* Exercise details
Repeat the listing verbatim. Drop any pictures.

** Source material follows **

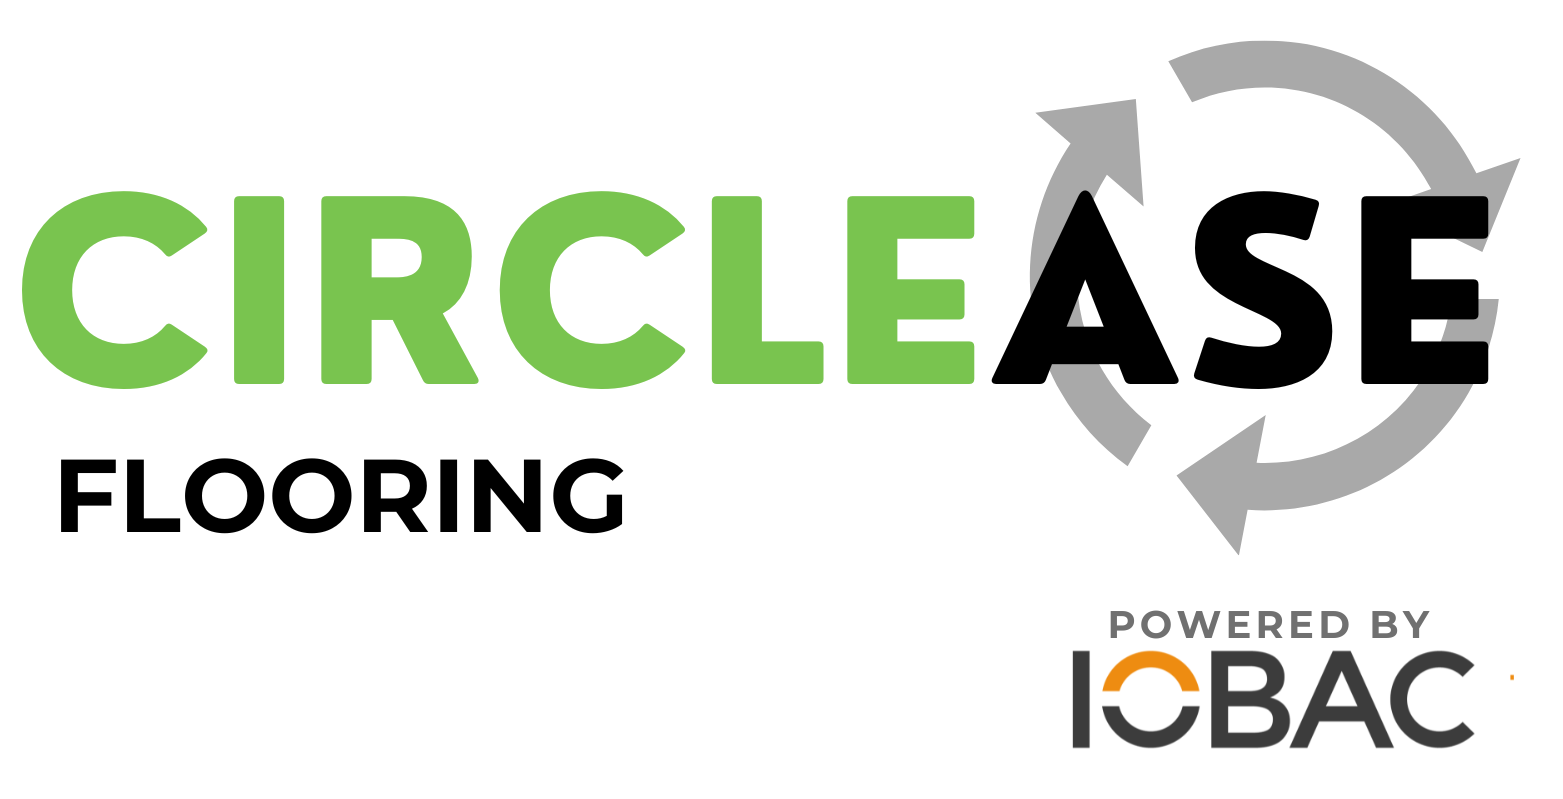 Circlease logo - Powered by IOBAC
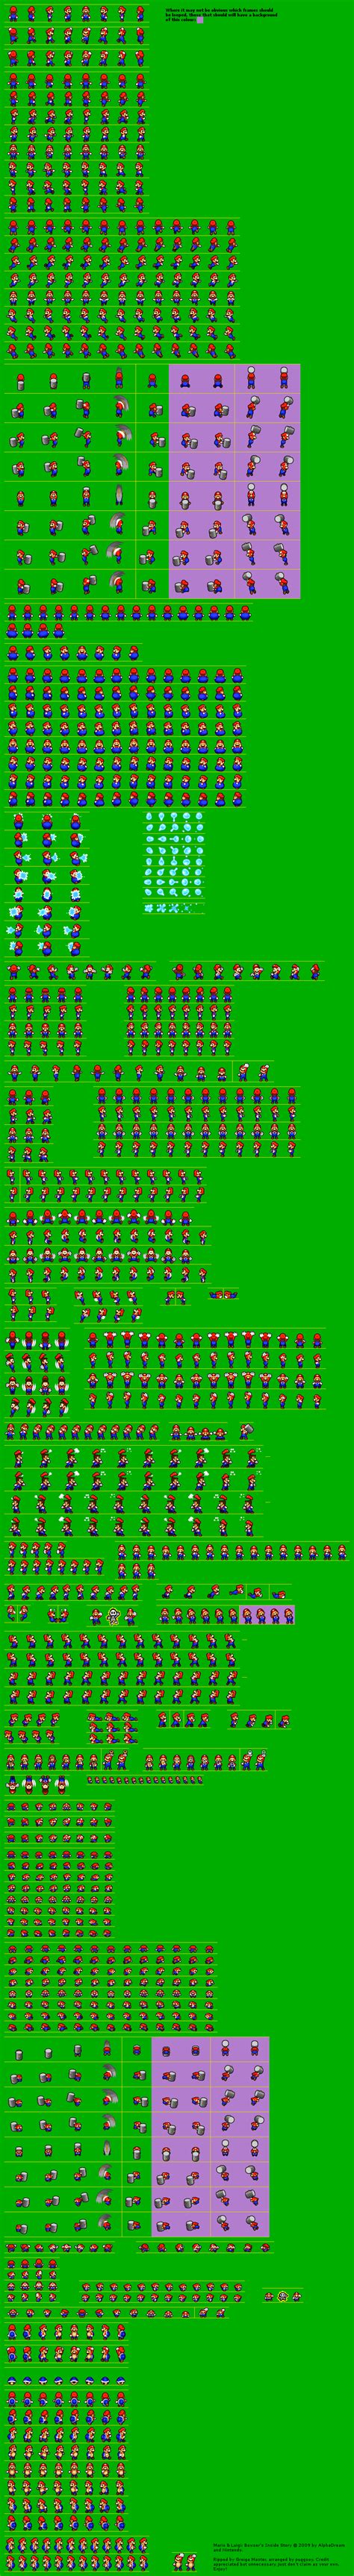 The Spriters Resource Full Sheet View Mario Luigi Bowser S Inside Story Mario Overworld
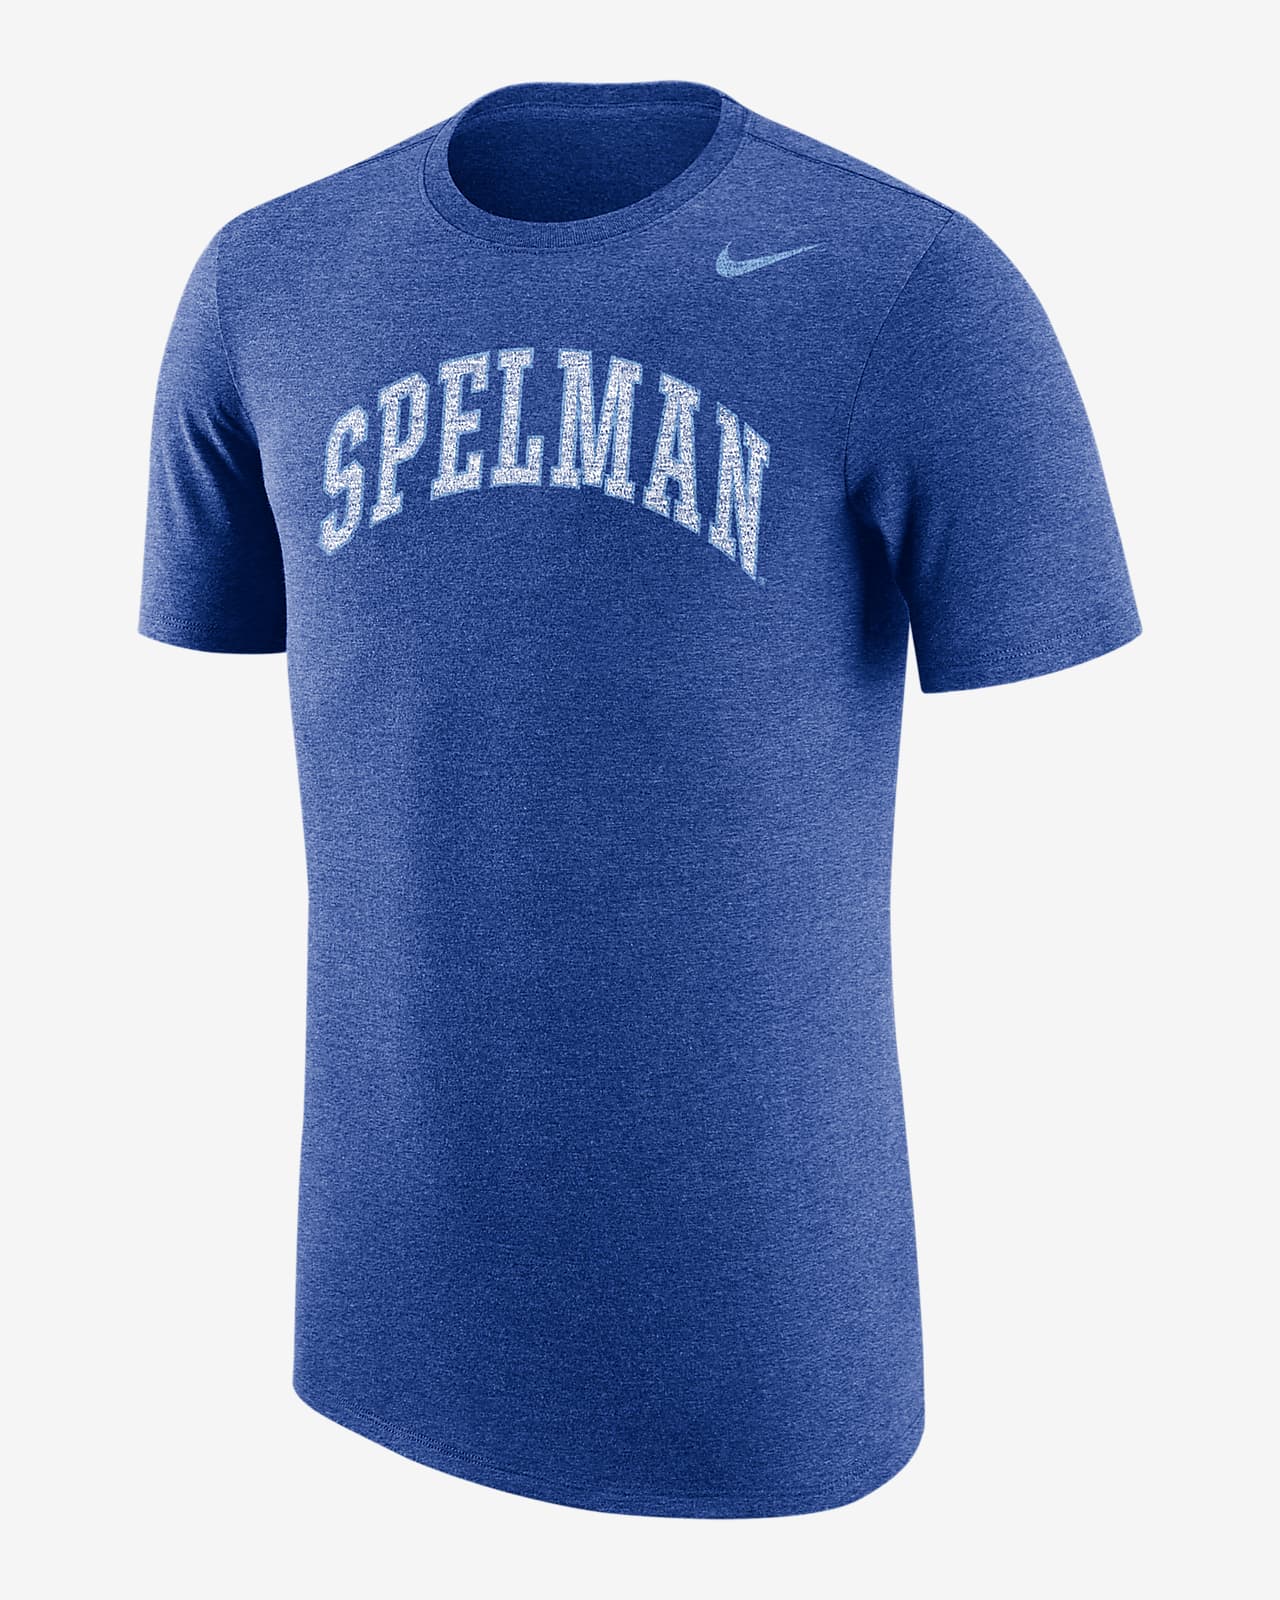 Nike College (Spelman) Men's T-Shirt
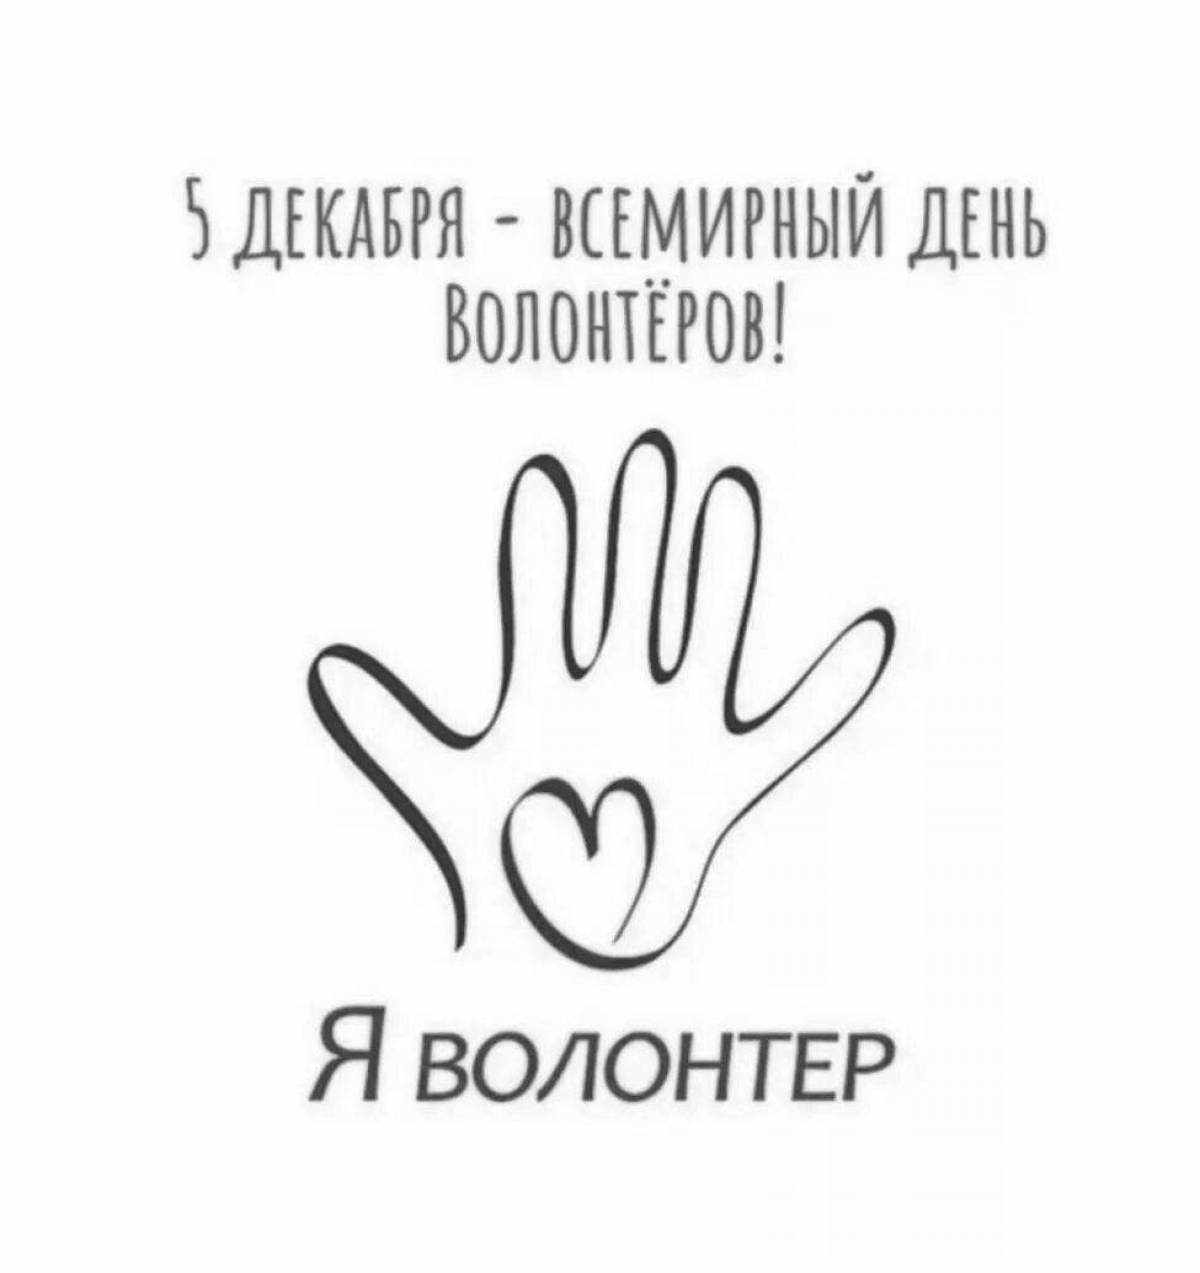 A shining symbol of volunteerism in Russia

** End of Source material **

* Response for this exercise
 Circlease logo - Powered by IOBAC
 The Spriters Resource Full Sheet View Mario Luigi Bowser S Inside Story Mario Overworld
 Nike College (Spelman) Men's T-Shirt
 A shining symbol of volunteerism in Russia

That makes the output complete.